Introduction: Chemotherapy is the primary therapeutic choice for advanced gastric cancer. Different types of medicine combinations are can be used for chemotherapy treatment, but oxaliplatin is one of the more common ones, used to treat metastasized cancer. But recently, cisplatin has shown similar outcome, while costing less for the patients and the hospital. The goal of this study was to assess the effectiveness of cisplatin-capecitabine versus oxaliplatin-capecitabine in treating advanced gastric cancer by measuring disease response and toxicity levels.
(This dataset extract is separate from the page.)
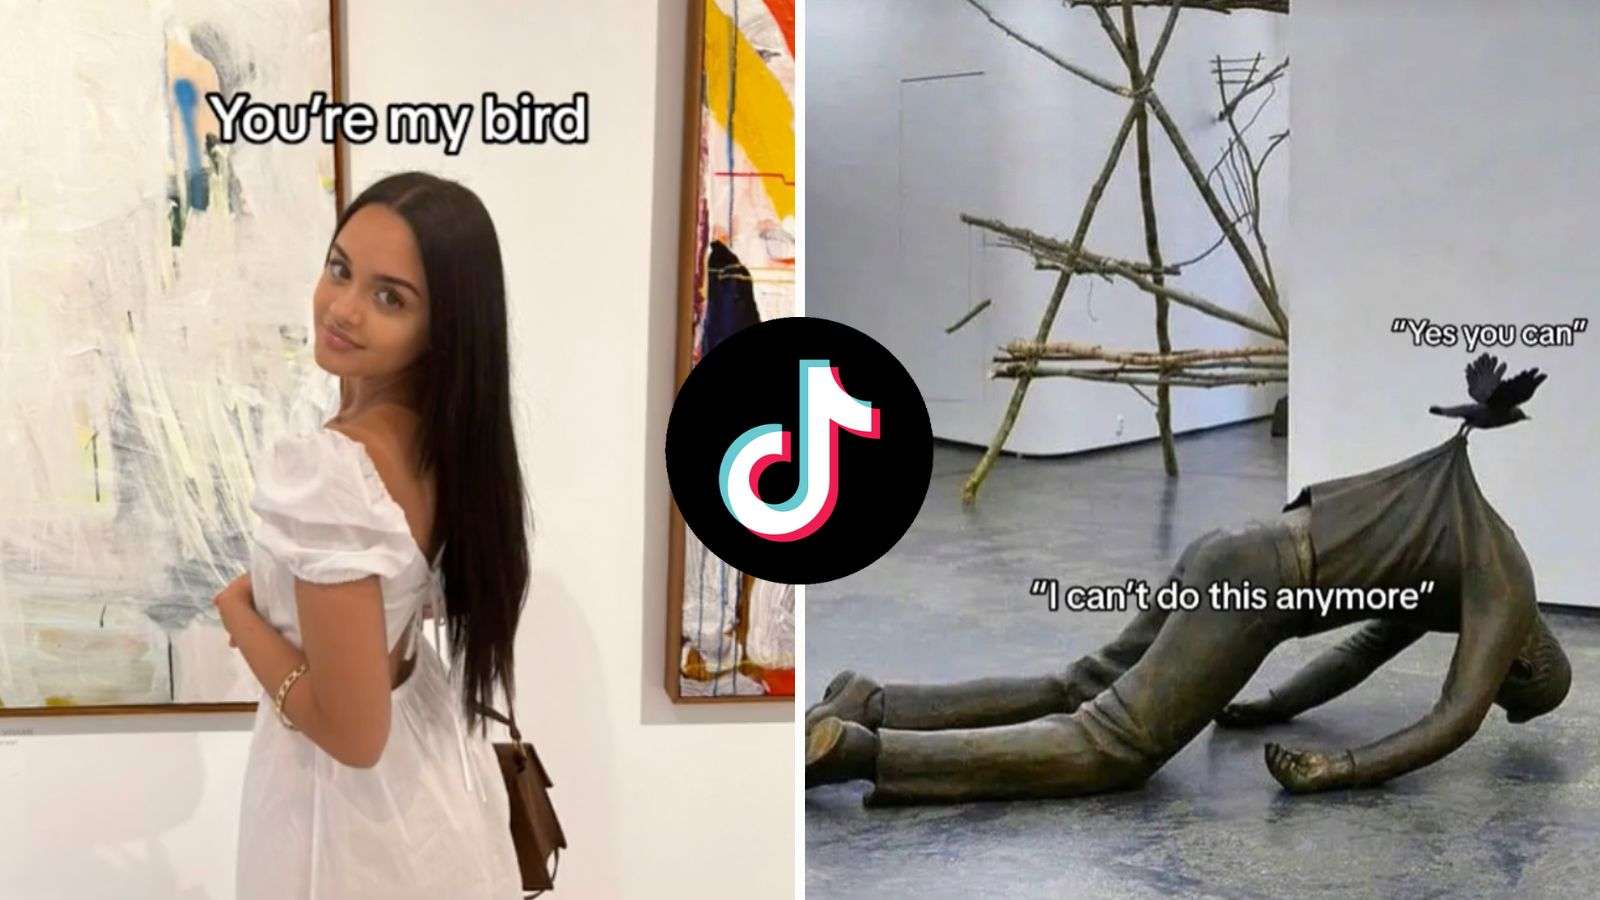 TikTok user participating in the 'you're my bird' trend.

Methods: This Quasi-Experimental study was conducted at the Department of Oncology, Bangabandhu Sheikh Mujib Medical University, Dhaka, Bangladesh. The study duration was 1 year, from February 2021 to March 2022. During this period, a total of 64 cases of advanced gastric cancer were divided in two equal groups, Arm A who had received cisplatin capecitabine, and Arm B who received oxaliplatin capecitabine. Result: In Arm A, 18 (56.3%) patients exhibited partial response (PR), whereas 15 (46.9%) patients in Arm B showed PR. Stable diseases (SD) were also reported in both arms (18.8% in arm A and 21.9% in arm B). There were 8 (25.0%) cases of progressive disease (PD) in Arm A and 10 (31.3%) cases in Arm B. The most prevalent toxicities in both arms were vomiting, diarrhea, anemia, neutropenia, oral mucositis, paresthesia, hand-foot syndrome, and renal toxicity. There were no statistically significant variations in outcomes between the two arms (p-value > 0.05). Conclusion: In advanced gastric cancer, the Cisplatin-Capecitabine regimen is equally effective as Oxaliplatin-Capecitabine, and there was no significant difference between the presenting toxic effects. As the Cisplatin-Capecitabine regimen is less costly than the combination of Oxaliplatin-Capecitabine, and shows similar outcomes in terms of response and toxicity, it is a valid alternative choice of medicine for patients who are unable to afford an .........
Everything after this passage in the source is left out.